Note that \(p_1p_2 \dots p_n + 1\) is odd for any \(n\geq 1\), and hence \(p_n\) is odd for any \(n\geq 2\). Since \(p_1 = 2\) and \(p_2 = 3\), it follows that for any \(n\geq 2\), the integer \(p_1p_2 \dots p_n + 1\) is not divisible by any one of \(2\) and \(3\). So the least prime divisor of \(p_1p_2 \dots p_n + 1\) is at least \(5\) for any \(n\geq 2\). If possible, suppose \(5\) is the largest prime divisor of \(p_1p_2 \dots p_n + 1\) for some integer \(n\geq 2\). This yields \[ p_1p_2 \dots p_n + 1 = 5^k \] for some \(k\geq 1\). This implies that \(4\) divides \(p_1p_2 \cdots p_n\), which is impossible since \(p_1 = 2\), and \(p_r\) is odd for any integer \(r \geq 2\). This shows that \(p_{n+1}\) is not equal to \(5\) for any integer \(n\geq 2\). Consequently, it follows that \(p_n\neq 5\) for any integer \(n\geq 1\).

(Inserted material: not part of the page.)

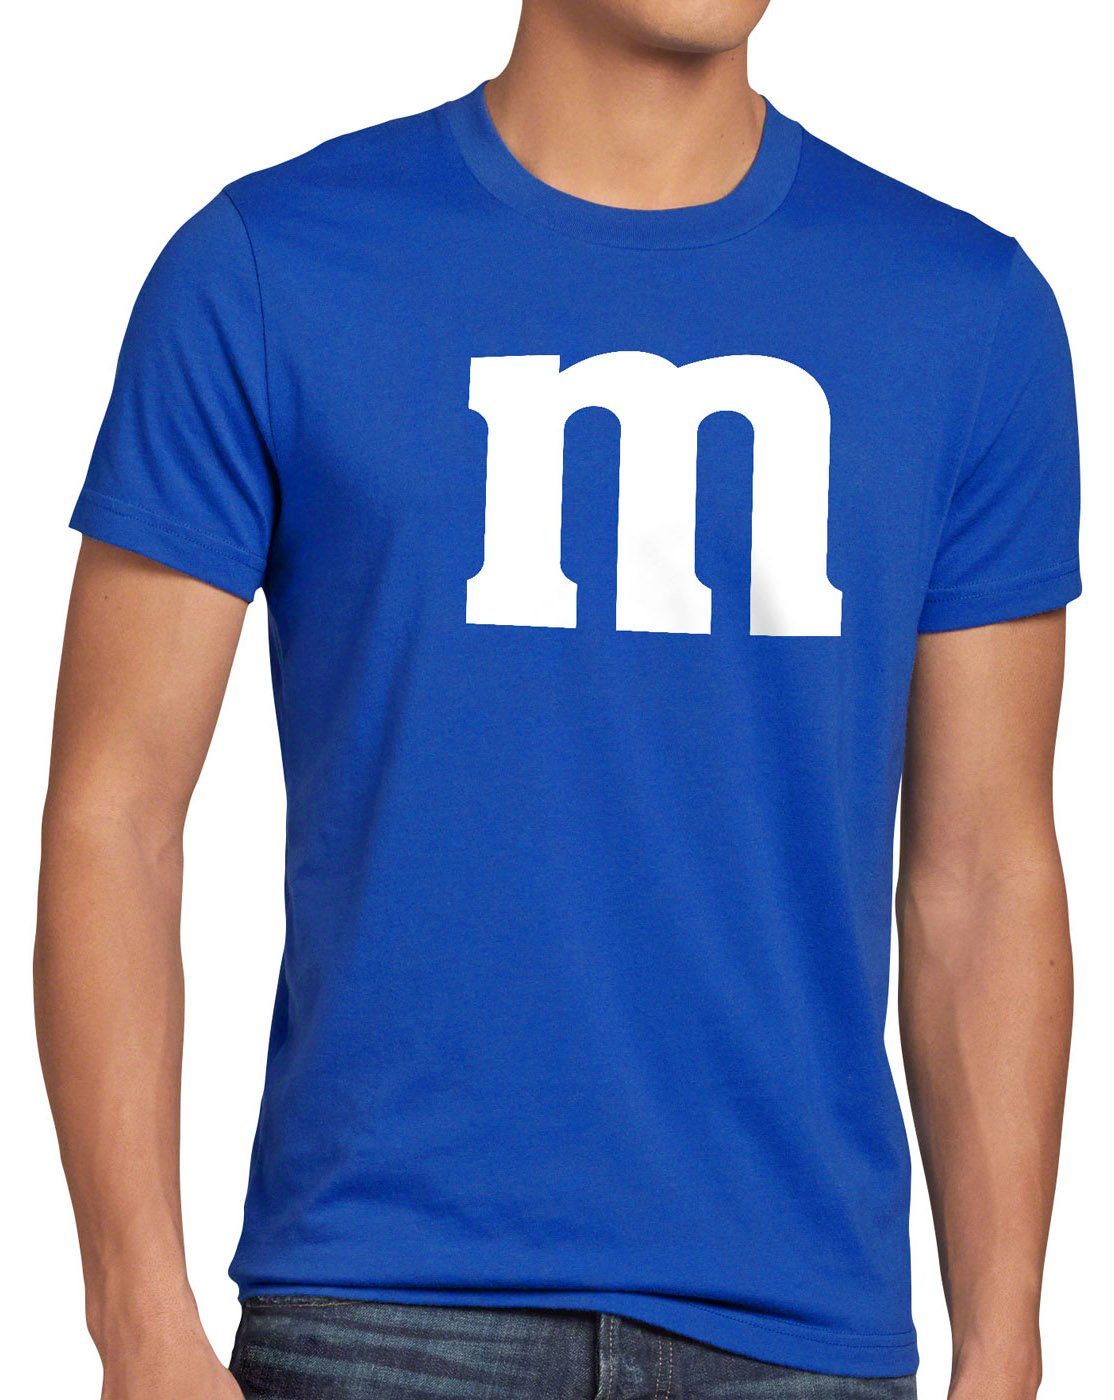 style3 Print-Shirt Herren T-Shirt Fun Umzug Fasching Kostüm Gruppenkostüm Verkleidung blau m Karneval

Let \(x, y\) be integers such that \(17\) divides both the expressions \(x^2 - 2xy + y^2 - 5x + 7y\) and \(x^2 - 3xy + 2y^2 + x - y\). Note that \[ x^2 - 3xy + 2y^2 + x - y = (x-y)( x-2y+1), \] which is divisible by \(17\). It follows that \[ x \equiv y \bmod 17, \quad \text{ or } x \equiv 2y -1 \bmod 17 \] holds. Let us consider the case that \(x \equiv y \bmod 17\). It follows that \[ x^2 - 2xy + y^2 - 5x + 7y \equiv (x-y)^2 - 5x+ 7y \equiv 2y \bmod 17. \] Since \(17\) divides \(x^2 - 2xy + y^2 - 5x + 7y\), we get \(2y \equiv 0 \bmod 17\), which yields \(x\equiv y \equiv 0 \bmod 17\), and hence \(17\) divides \(xy - 12x + 15y\). Let us consider the case that \(x \equiv 2y -1 \bmod 17\). Using \(x^2 - 2xy + y^2 - 5x + 7y\equiv 0 \bmod 17\), we obtain \[ (2y -1 )^2 - 2(2y -1 )y + y^2 - 5(2y-1) + 7y\equiv 0 \bmod 17, \] which yields \(y^2-5y + 6 \equiv 0 \bmod 7\). This implies that \((y-2)(y-3)\equiv 0 \bmod 17\). This shows that either \(x\equiv 3\bmod 17, y \equiv 2 \bmod 17\) holds, or \(x \equiv 5 \bmod 17, y \equiv 3 \bmod 17\) holds. If \(x\equiv 3\bmod 17, y \equiv 2 \bmod 17\) holds, then \[ xy - 12x + 15y \equiv 6 - 36 + 30 \equiv 0 \bmod 17 \] holds. If \(x \equiv 5 \bmod 17, y \equiv 3 \bmod 17\) holds, then we obtain \[ xy - 12x + 15y \equiv 15 - 60 + 45 \equiv 0 \bmod 17. \] This proves that \(17\) divides \(xy - 12x + 15y\).